BEGIN Given material

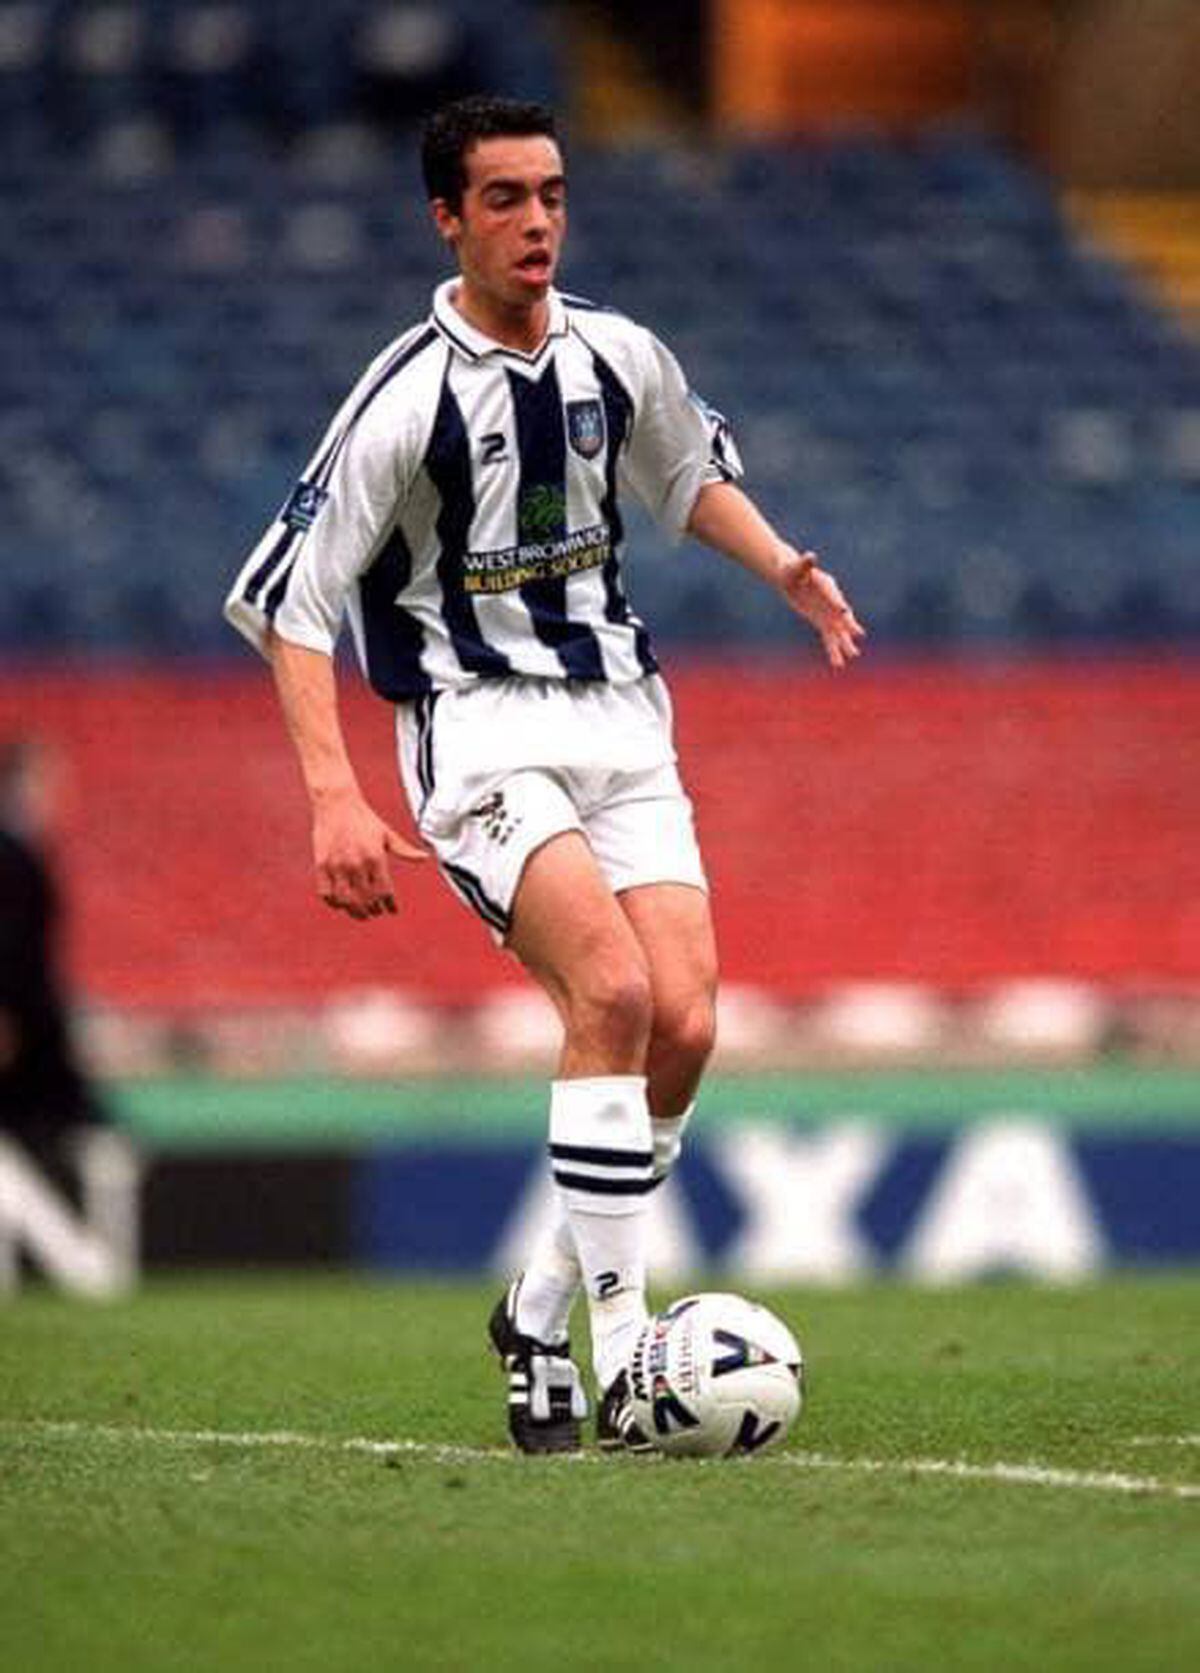 Mark Briggs playing for Albion
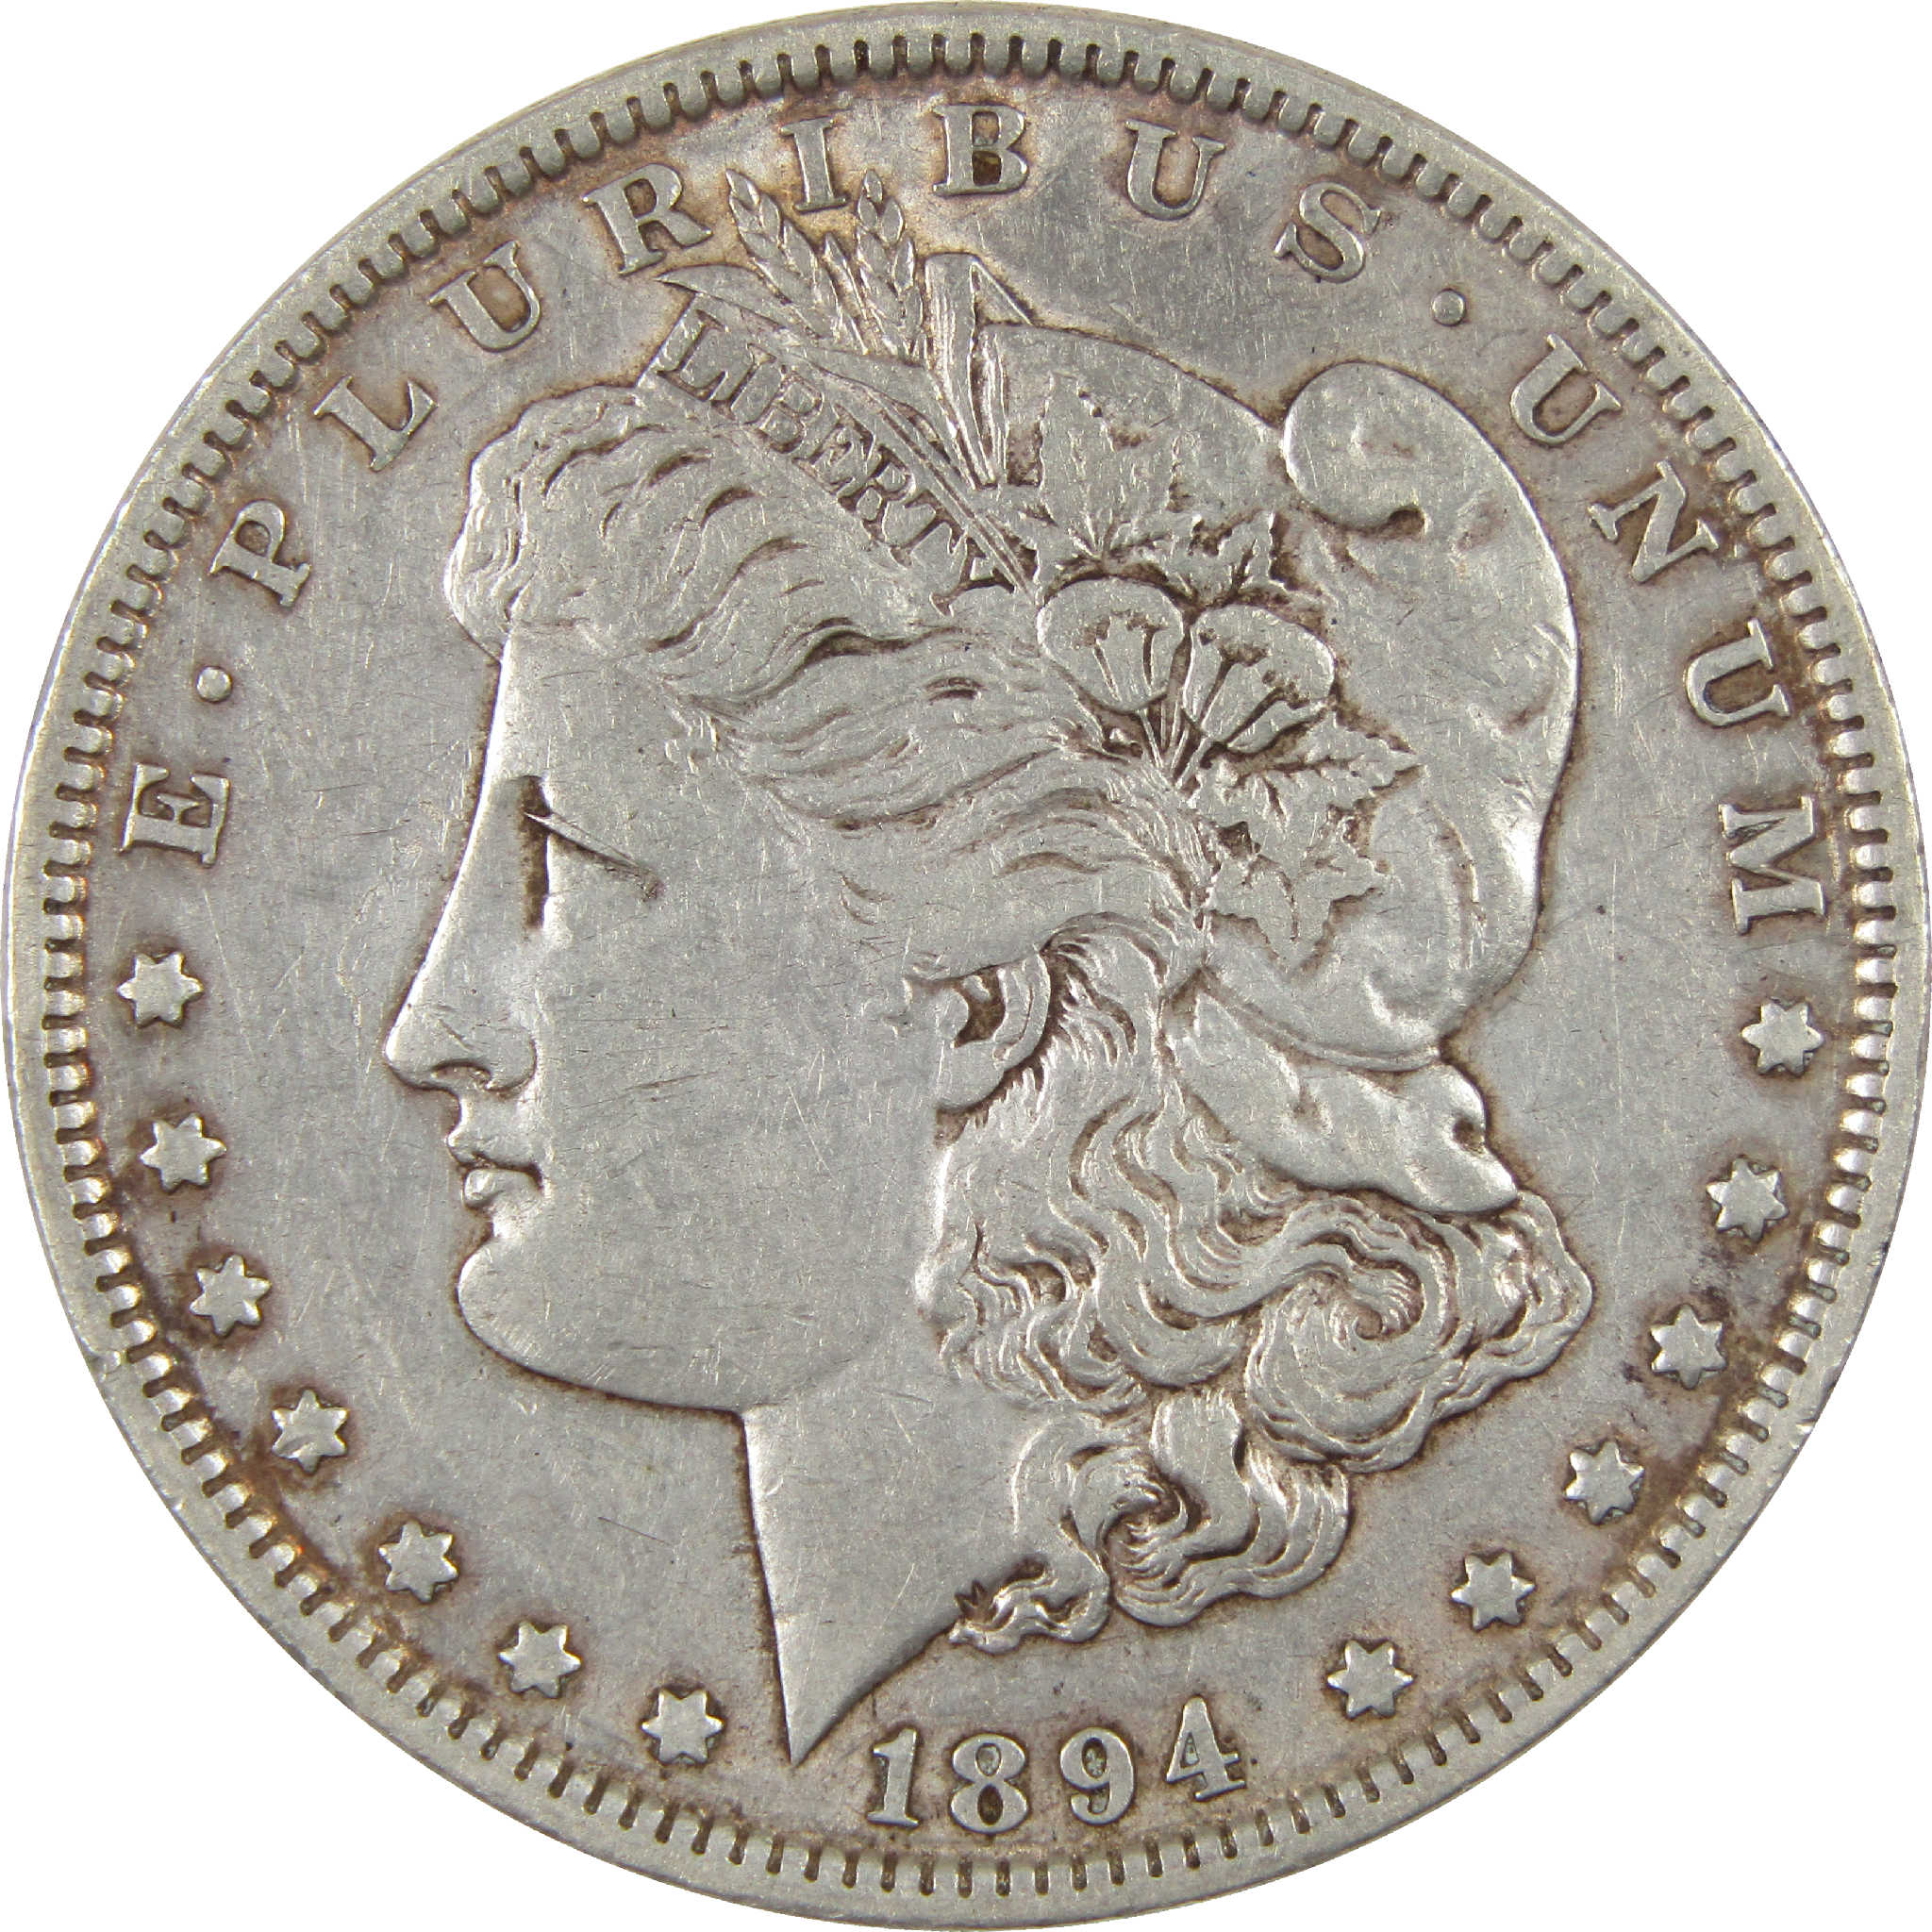 1894 Morgan Dollar XF EF Extremely Fine Details Silver $1 SKU:I11344 - Morgan coin - Morgan silver dollar - Morgan silver dollar for sale - Profile Coins &amp; Collectibles
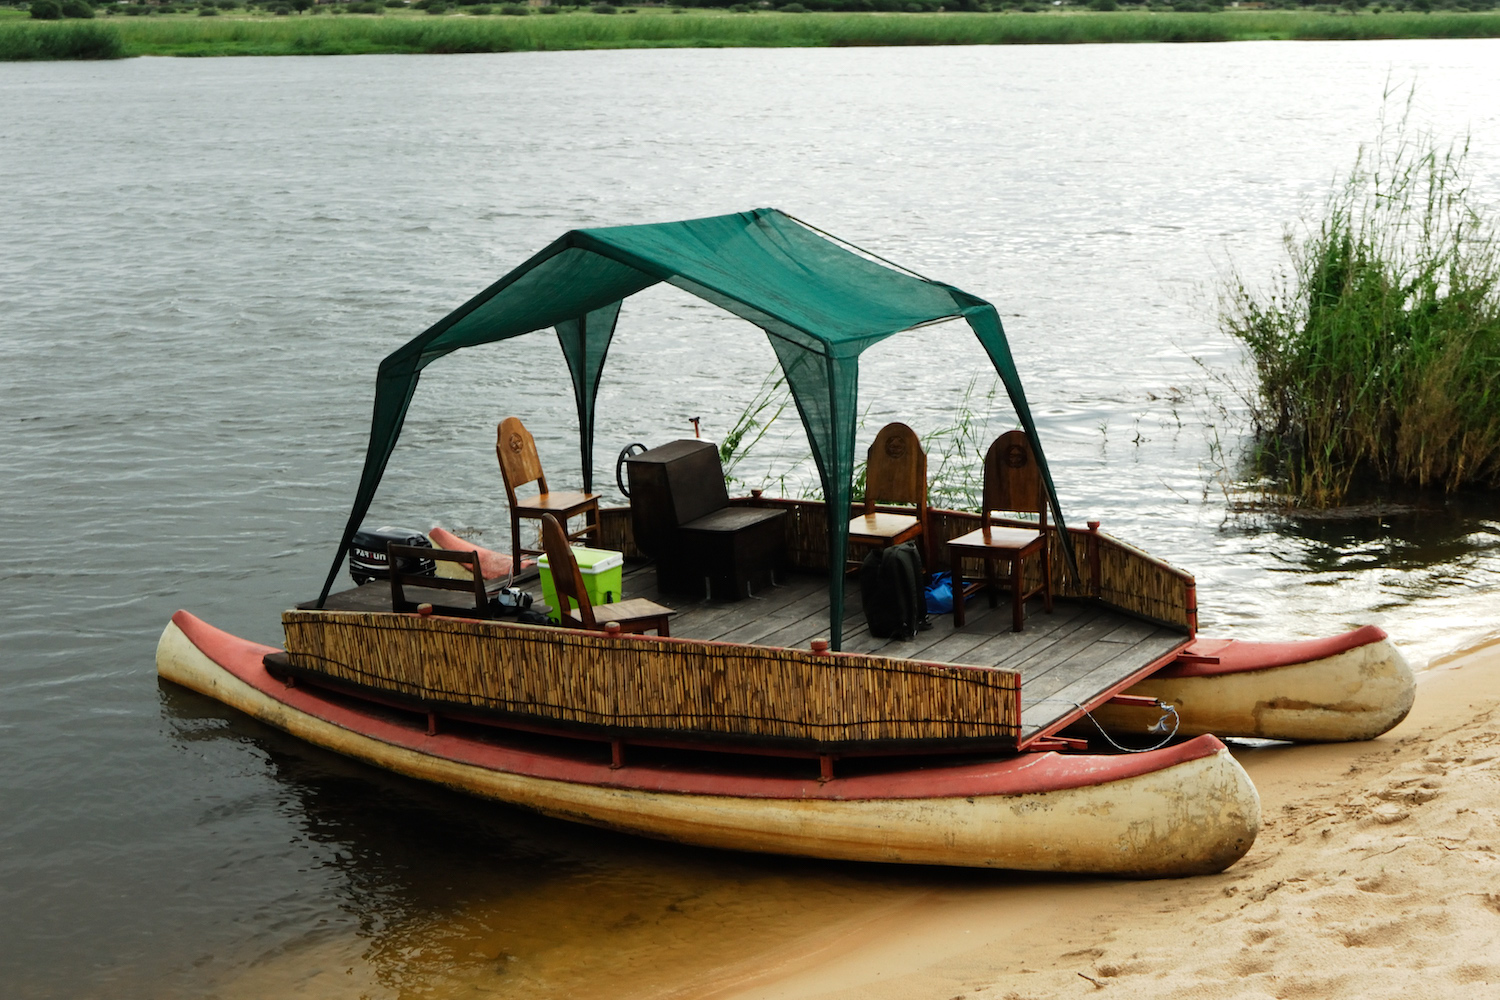 A simple boat with chairs and a shade covering that is built on top of a pair of canoes.

END Given material

| What is needed |
In full and without error, repeat the listing above, omitting its images.

| Solution to the exercise |
 Mark Briggs playing for Albion
 1894 Morgan Dollar XF EF Extremely Fine Details Silver $1 SKU:I11344 - Morgan coin - Morgan silver dollar - Morgan silver dollar for sale - Profile Coins &amp; Collectibles
 A simple boat with chairs and a shade covering that is built on top of a pair of canoes.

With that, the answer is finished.